Ik ken Alex Israel niet dus heb ik wat opgezocht over hem op internet. Ik kwam terecht op een blog van GalleristNY met de titel "Who is Alex Israel, and why should I care?", "The artist as talk-show host;with a debt to Warhol." De blog begint als volgt : "Alex Israel is a youngish L.A. artist whose pastel-color panel paintings look like the sets of ’80s porn flicks; they’ve been selling like hotcakes at chic galleries in Paris and Berlin. I tried to see his recent one-man show at the übercool and cutting-edge Lower East Side gallery Reena Spaulings Fine Art, but the gallery is so übercool and cutting edge that, on the Friday afternoon I chose for my visit, it wasn’t even open." De rest van de blog is ook de moeite van het lezen waard. |
Ik
lees dat het bij hem ook gaat om de boodschap die een kunstwerk
uitdraagt. “Het hoeft niet alleen een mooi plaatje te zijn, de
intentie is het belangrijkst. Een kunstwerk moet prikkelen,
ontregelen. En
het moet vooruitstrevend zijn. Bij alle aankopen die ik doe, vraag ik
mij af: doet dit er over vijf jaar nog steeds toe?” Ik
heb geen idee wat een 'vooruitstrevend' kunstwerk zou zijn? Is dat
geen synoniem voor 'hedendaags' want tegenwoordig beschouwen we ons
vergeleken met het verleden als 'vooruitstrevend'.
Gezien
het bovenstaande is het interessant te
weten bij welke onbetaalbare
kunst Kreuk met
zijn criteria is uitgekomen.
De NRC verslagggever laat ons
in ieder geval al weten dat “de expositie een kennismaking
betekent met kunstenaars die in de VS allang zijn doorgebroken maar
in Europa nog nauwelijks
getoond
zijn, zoals Alex Hubbard, Alex Israel of Mark Bradford”.

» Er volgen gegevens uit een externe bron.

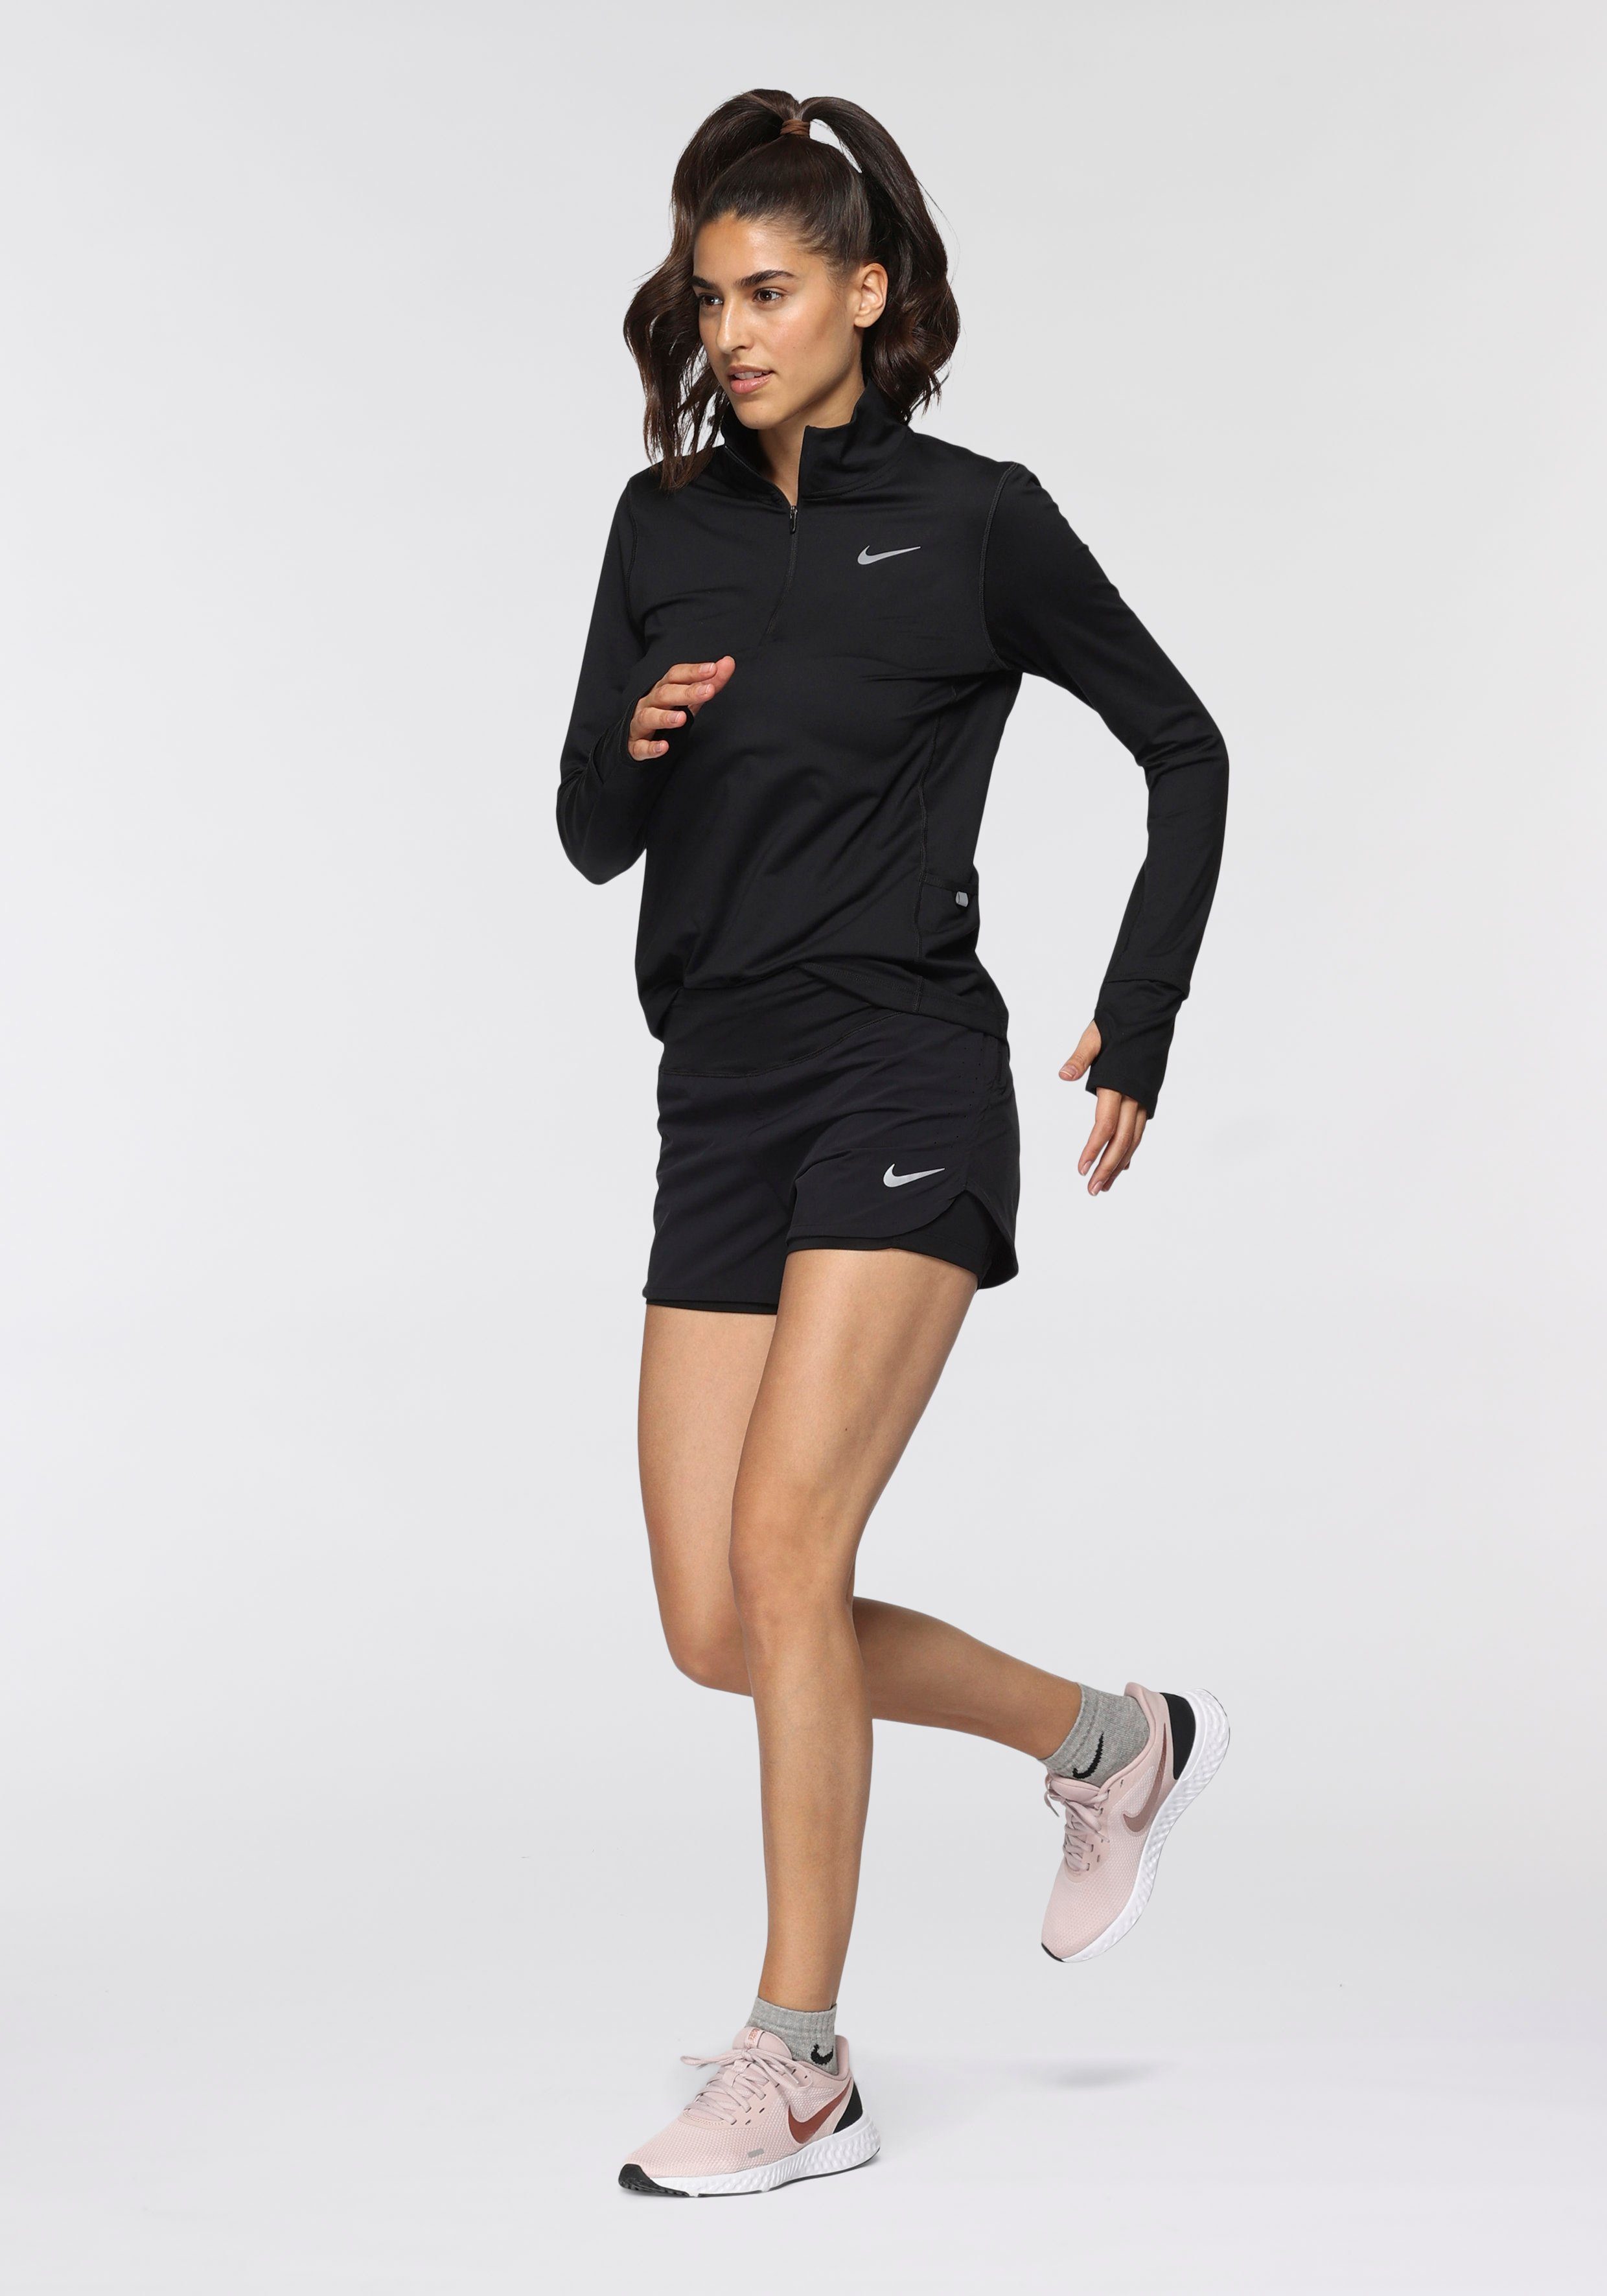 Shorts Laufshorts Eclipse Running Nike Women's Nike 2-in-1

Gemeentemuseum directeur Benno Tempel zelf laat de lezer weten dat “
de musea in Nederland de boot nogal gemist hebben als het gaat om het
tonen en aankopen van de hedendaagse kunst. Kijk naar Jeff Koons
en Damien Hirst, die zijn door Nederlandse musea niet of pas veel te
laat aangekocht.”
Verzamelaar
Kreuk, daarin gesteund door Gemeentemuseum directeur Benno Tempel,
komt dus uit bij
de erkende hedendaagse vooral
Amerikaanse kunst, wat meteen ook verklaart waarom de aankopen zo
duur zijn. De titel van de
tentoonstelling is 'Grensverleggend.
Werken uit de collectie Bert Kreuk', maar
zo grensverleggend is de
tentoonstelling dus ook weer niet, behalve dan voor Nederland. Maar
het blijft
natuurlijk wel de moeite waard om het straks allemaal toch
met eigen ogen te gaan zien:
'Grensverleggend. Werken uit de collectie Bert Kreuk' te
zien van 8 juni t/m 29
september in Gemeentemuseum Den Haag.